You're looking for ok and a non-empty DOTBABEL_HANDOFF_REPO. Anything else, the doctor prints a structured remediation block telling you exactly what's wrong and how to fix it.

Walkthrough: local handoff

Say I want to move my current Claude Code session into Codex. No transport repo needed for that case: same machine, same filesystem.

dotbabel handoff pull latest --from claude

This finds my most recent Claude session, extracts the user prompts and the last few assistant turns, and prints a digest to stdout:

<handoff origin="claude" session="a1b2c3d4" cwd="/home/dev/projects/gateway" target="claude">

**Summary.** Session opened with: "/refactor the resolver layer to use dataloaders".
Last assistant output (truncated): "Approved. Applying the changes to resolvers/user.ts".
Full prompt log and assistant tail follow for context.

**User prompts (last 10, in order).**

1. /refactor the resolver layer to use dataloaders
2. Show me the existing resolver shape first
3. Why are we batching by tenant_id and not user_id?
…

**Last assistant turns (tail).**

> The current resolver hits the DB once per request. Batching by tenant…
> Plan: introduce a DataLoader keyed on (tenant_id, user_id) and migrate…
> Approved. Applying the changes to resolvers/user.ts

**Next step.** Continue from the last assistant turn using the same file scope and goals summarized above.

</handoff>

The <handoff> tag is deliberate: it's a machine-readable marker that lets a receiving agent detect the digest and treat it as a task specification with explicit scope.

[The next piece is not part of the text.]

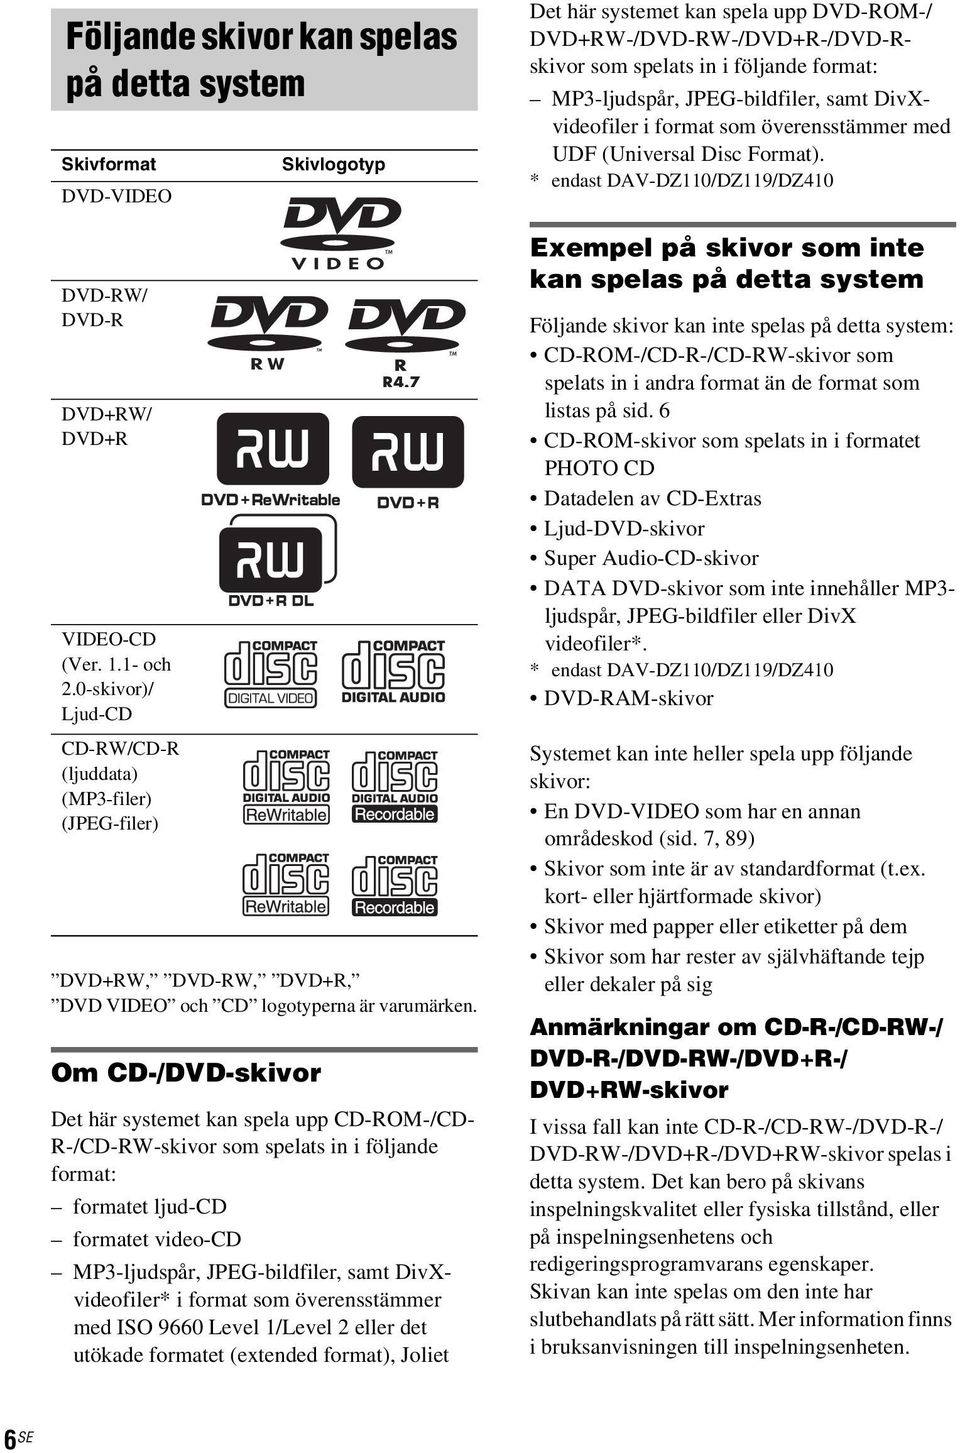 Om CD-/DVD-skivor Skivlogotyp Det här systemet kan spela upp CD-ROM-/CD- R-/CD-RW-skivor som spelats in i följande format: formatet ljud-cd formatet video-cd MP3-ljudspår, JPEG-bildfiler, samt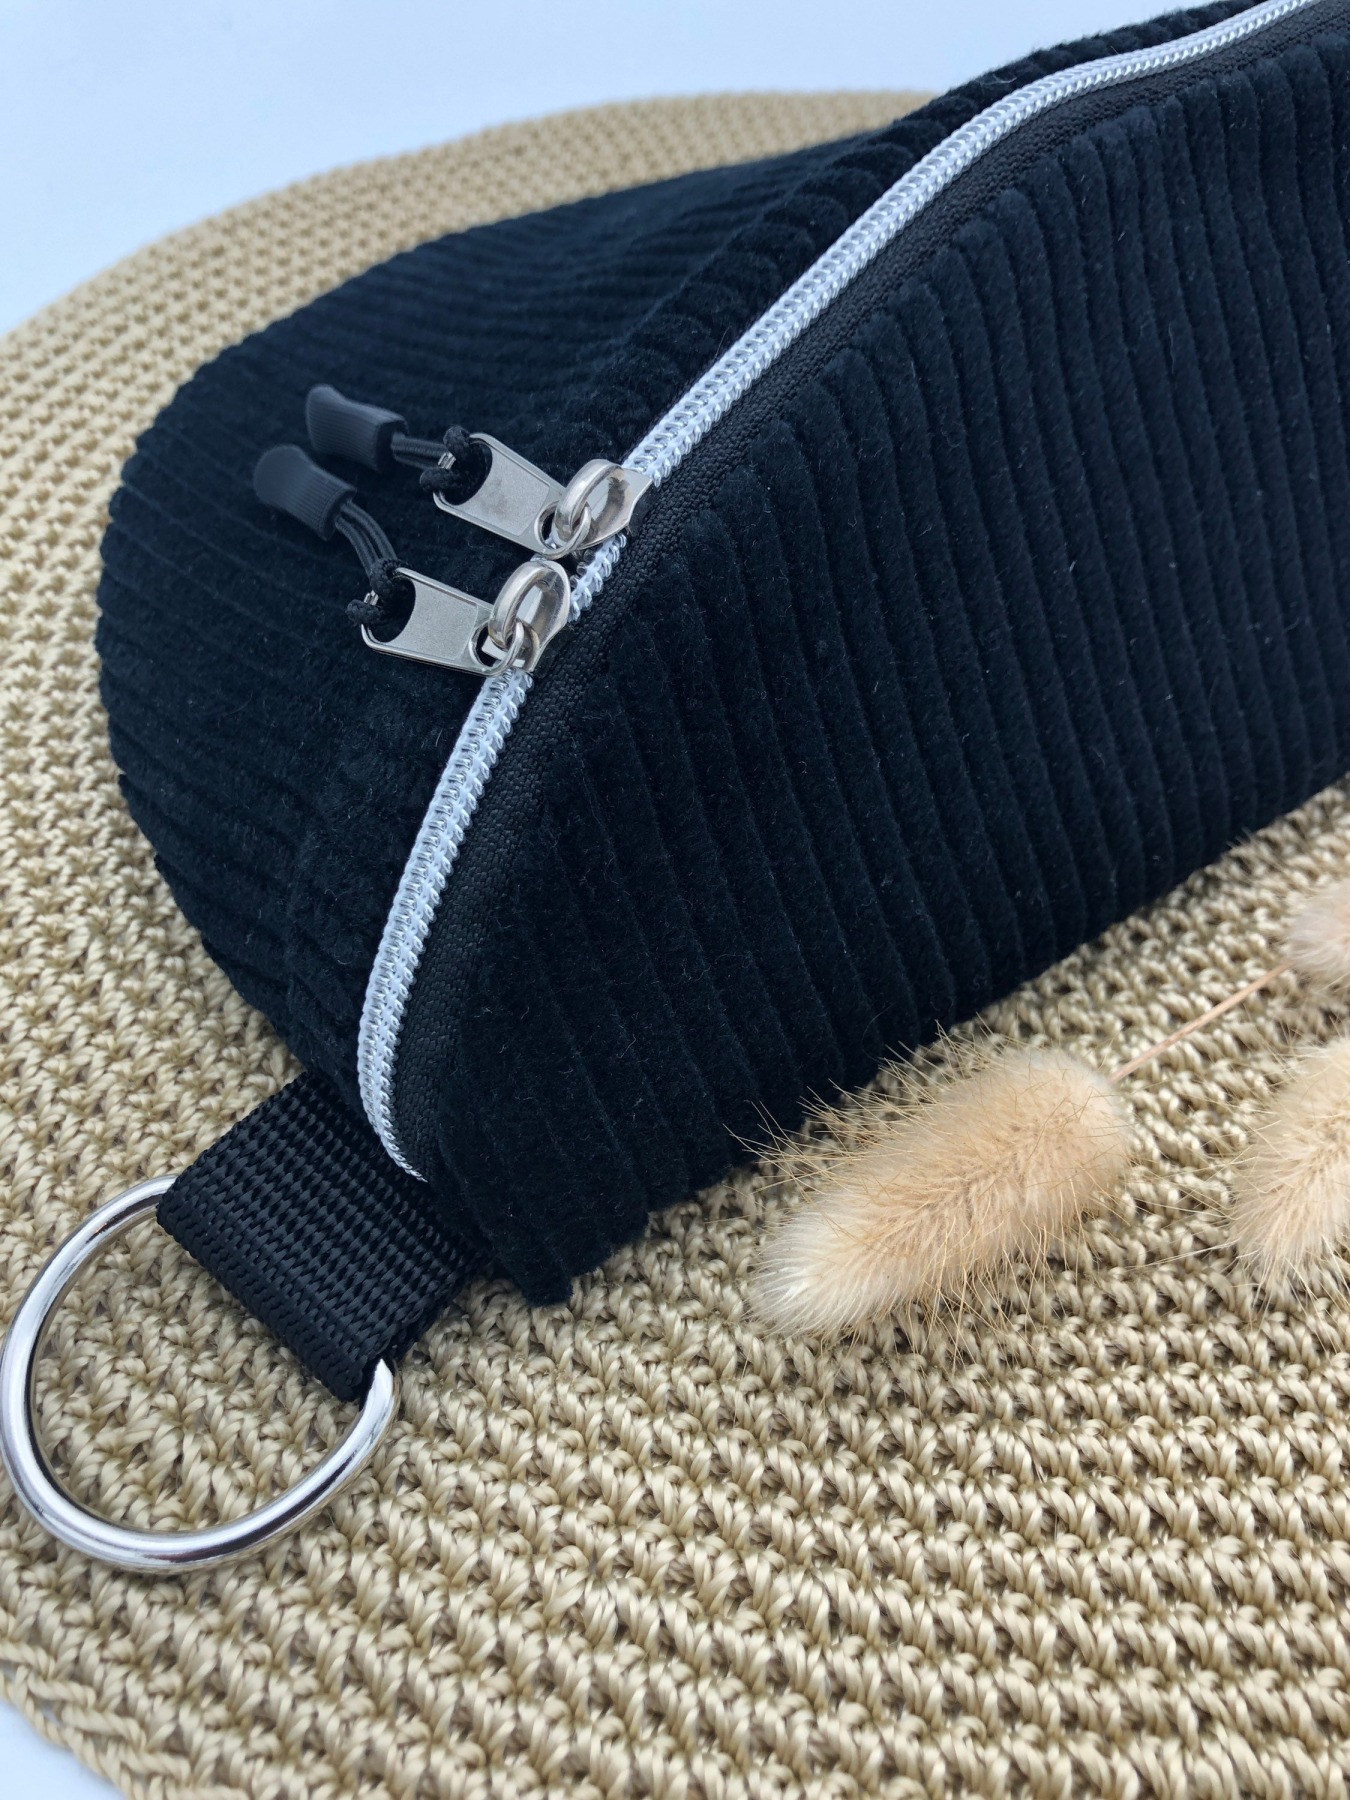 Bauchtasche, Crossbag, Cord schwarz mit Taschengurt gestreift schwarz/weiß/silber, Hipbag, leicht

Three variants worth knowing:

# Same digest, but written to a markdown file under docs/handoffs/
dotbabel handoff pull <id> -o auto

# A terser prose summary, useful when you just want to remember what a session was about
dotbabel handoff pull <id> --summary

# Specific output path
dotbabel handoff pull <id> -o /tmp/handoff.md

Resolving an ID

<id> accepts more than UUIDs. The resolver tries, in order: full UUID → short UUID (the first 8 hex chars) → the literal latest → a deliberate-label alias. Aliases are case-insensitive and come from whatever the source CLI calls them:

Claude's customTitle or aiTitle (set with claude --resume "my-feature").
Codex's thread_name (set with codex resume <name>).
Copilot's workspace.yaml:name.
Gemini's checkpoint-<tag>.json (set with /chat save <tag> inside the session).

Aliases are why the workflow stays out of my way. I rename my Claude session gateway-refactor, walk to my desktop the next morning, run dotbabel handoff fetch gateway-refactor, and it works. No UUID copy-paste, no scrolling through directory listings.

Walkthrough: across machines

Now the scenario that motivated the whole skill: moving a session from my laptop to my desktop.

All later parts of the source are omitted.